Тетя умерла от пули Емилиана… Но на самом деле она погибла уже давно. Олимпию погубила жадность. Золото старого барина отравляло ее душу и подтачивало силы, как тяжелая скрытая болезнь. Тетка давно уже заживо похоронила себя под грудой проклятых золотых монет.
В памяти Михэлуки яркой чередой мелькали воспоминания о том, как они жили в Крисанте, какие планы строили на будущее после смерти старого барина. Тетя Олимпия всегда так стремилась к другой жизни, в которой никто не будет ею помыкать… Как горько, что из всей семьи она одна не нашла верного пути к той жизни, о которой так страстно мечтала! Проклятое золото по рукам и ногам связало Олимпию с судьбой ее бывших хозяев, а ведь она их так ненавидела. Она сама себя поработила и осудила на такую же страшную жизнь, какой жил старый барин. Оба жили в вечном страхе потерять деньги, оба были ожесточены и никому не доверяли.

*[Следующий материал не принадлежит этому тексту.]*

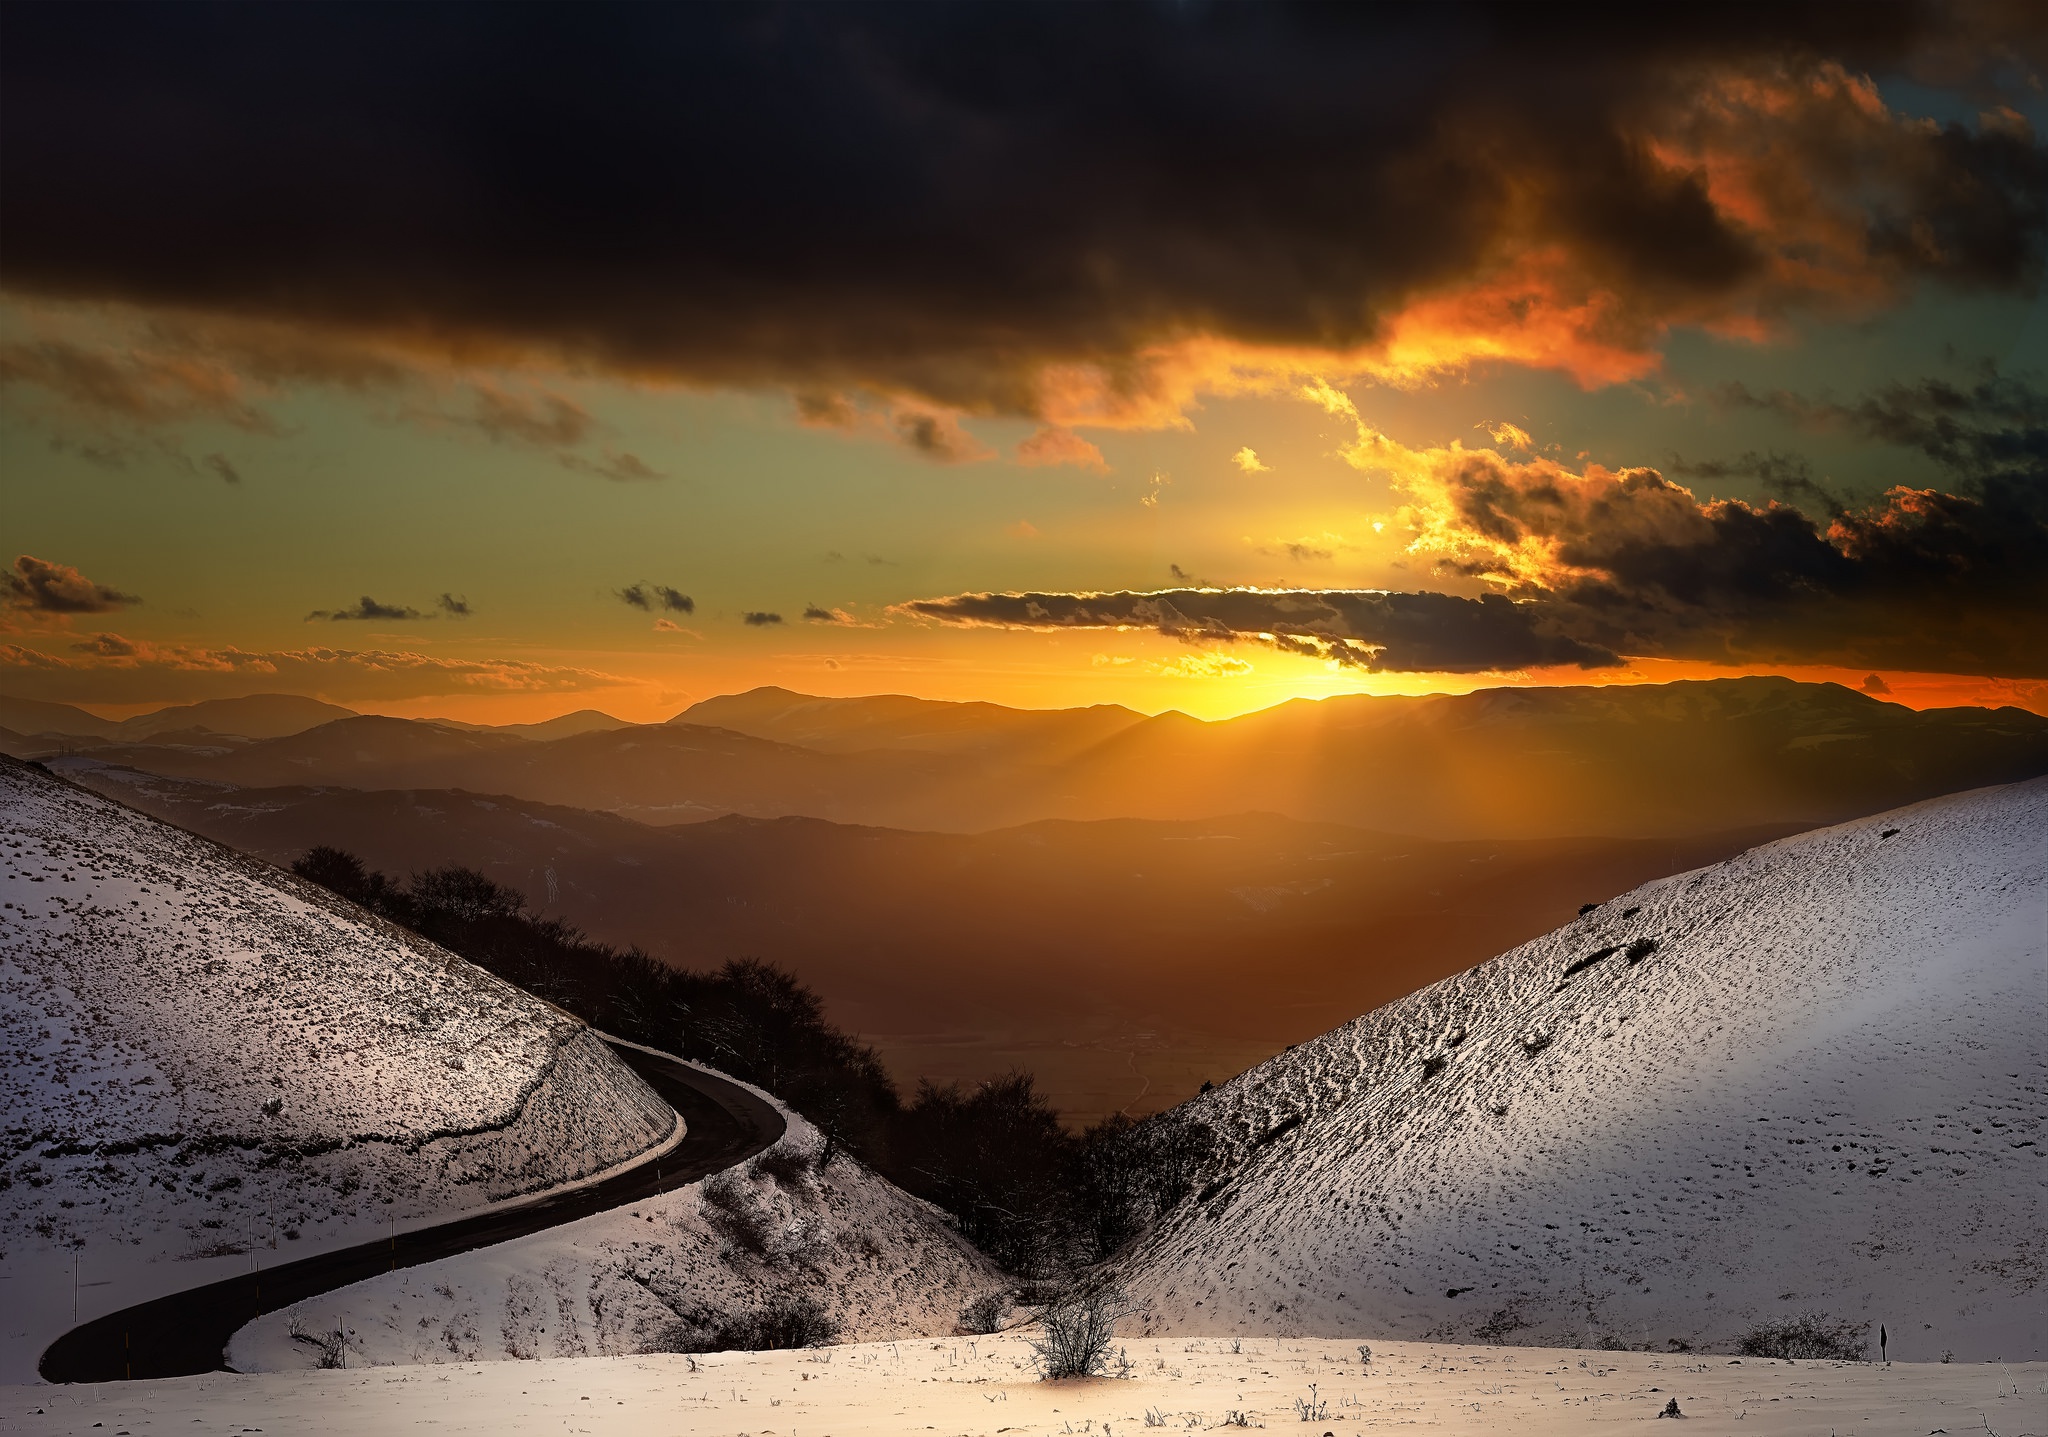 Скачать обои бесплатно Пейзаж, Зима, Гора, Фотографии, Солнечный Луч картинка на рабочий стол ПК
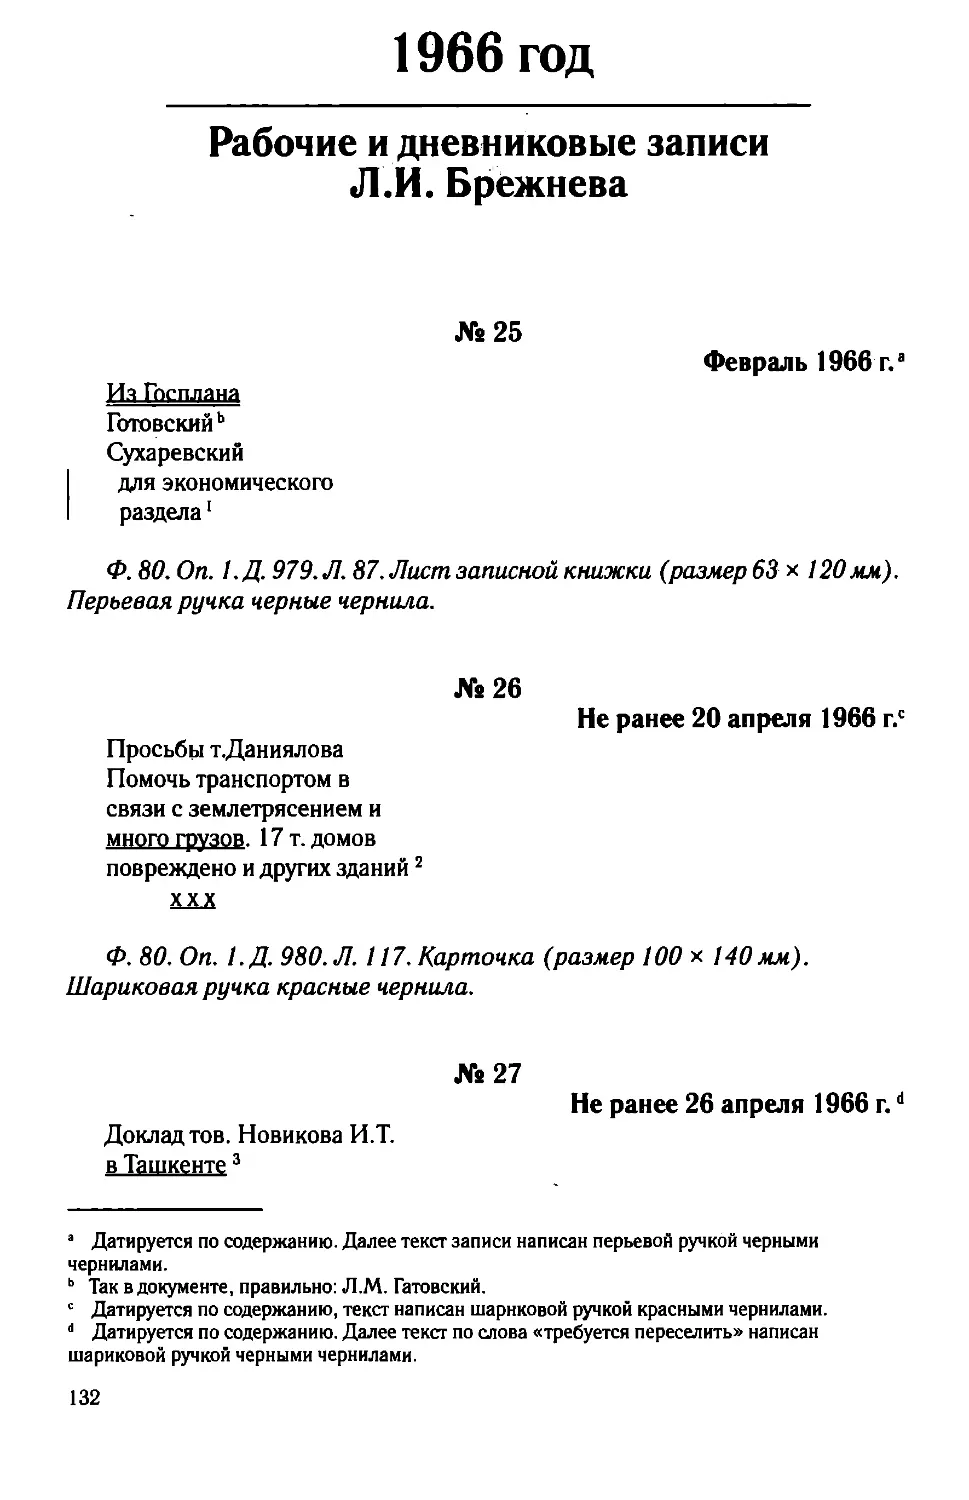 Рабочие и дневниковые записи Л.И. Брежнева. 1966 год

А ведь могло быть все по-другому. С грустью вспомнил Михэлука, как красиво пела тетя у пионерского костра на празднике урожая. В ушах его все еще звучал ее воркующий, как у горлицы, смех, каким она смеялась, когда бывала в хорошем настроении. Но это случалось так редко! Мрачная тайна, как червь, день и ночь точила ее душу. А какой веселой и доброй могла бы она быть, если бы ее сердце осталось чистым и незапятнанным!
После похорон тети Олимпии Гаврила с ребятами перебрались жить на ферму. Они захватили с собой и Цынку…
Дядя не знал, как отблагодарить товарища Гигу за ее помощь в эти страшные дни. Вместе с дядей Гаврилой она дежурила у постели больного Бенони, который на другой же день заболел, и врач сказал, что у мальчика ангина. Наверное, простудился в то страшное утро, когда выскочил раздетым в окно за помощью. Пережитый страх и высокая температура вызвали у Бенони дикий бред. Он метался на постели и упрашивал мать, чтобы она не заставляла его глотать эти проклятые золотые монетки. Они его душат и жгут.